Page 18: BS_L04_Corporate Governance & CSR

CSR STANCE (IV)

• Shapers of society

- Managers consider financial issues as being

secondary to the issue of changing the world.

- Managers consider that solving social and

environmental problems is much more important than

to become rich by maximizing profit.

- There is a new field of business called social

entrepreneurship that tries to find solutions for people,

and not for making money.

- Examples: Mohammad Yunus and Grameen Bank, Roy

Bunker and Barefoot College, many foundations in USA

dedicated to social and educational projects.
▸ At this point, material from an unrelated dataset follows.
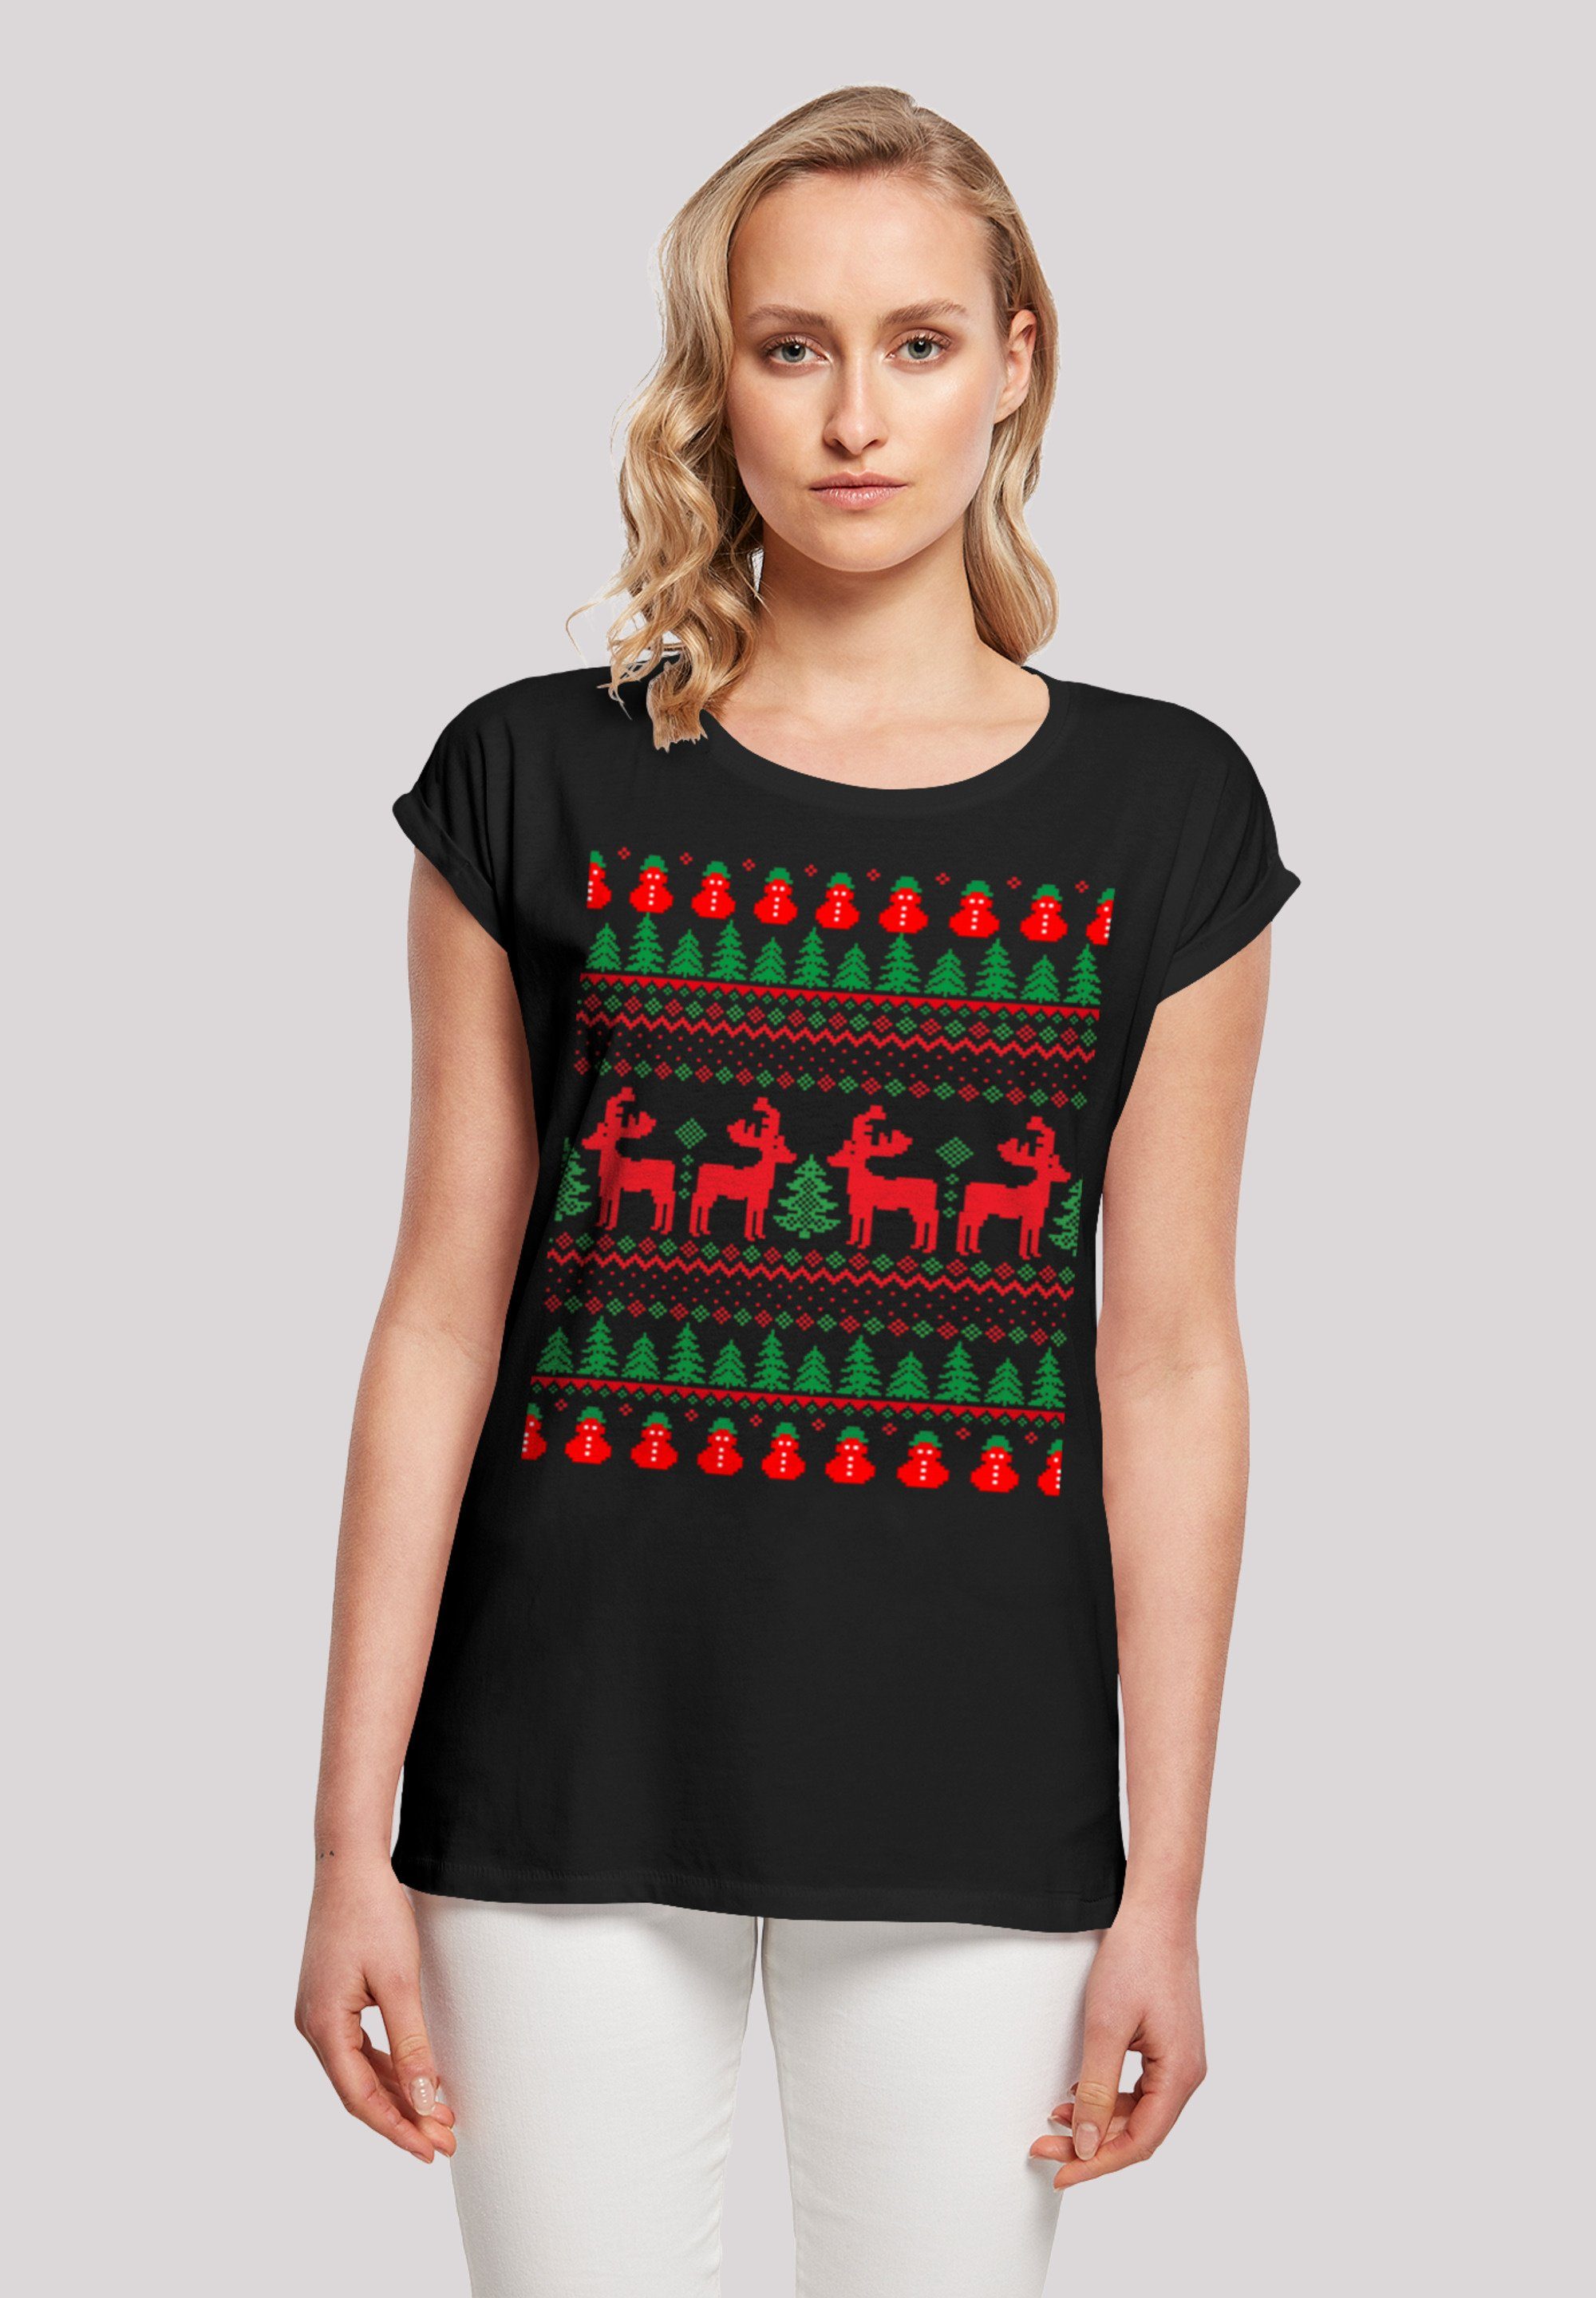 Basic-Piece T-Shirt jeden Reindeers für F4NT4STIC Christmas Tag Weihnachten Print, Lässiges Muster

Page 19: BS_L04_Corporate Governance & CSR

Roy Bunker and the

Barefoot College, India

Mohammad Yunus

and the Grameen

Bank, Bangladesh

Page 20: BS_L04_Corporate Governance & CSR

THREE VIEWS ON THE PURPOSE OF

BUSINESS

• Milton friedman – Profit maximization

In a free enterprise, private property system, a corporate executive

is an employee of the owner of the business. His responsibility is to

make as much money as possible, while conforming with the basic

rules of society.

• Charles Handy – Stakeholders view

The purpose of business is not to make profit. It is to make a profit

so that the business can do something more or better. We need to

eat to survive, but eating is not the purpose of our live.

• Richard Branson – Doing good

Just making money, in order simply to give it away, is out of date.

Doing good can help improve your prospects, your profits and your

business; and it can change the world.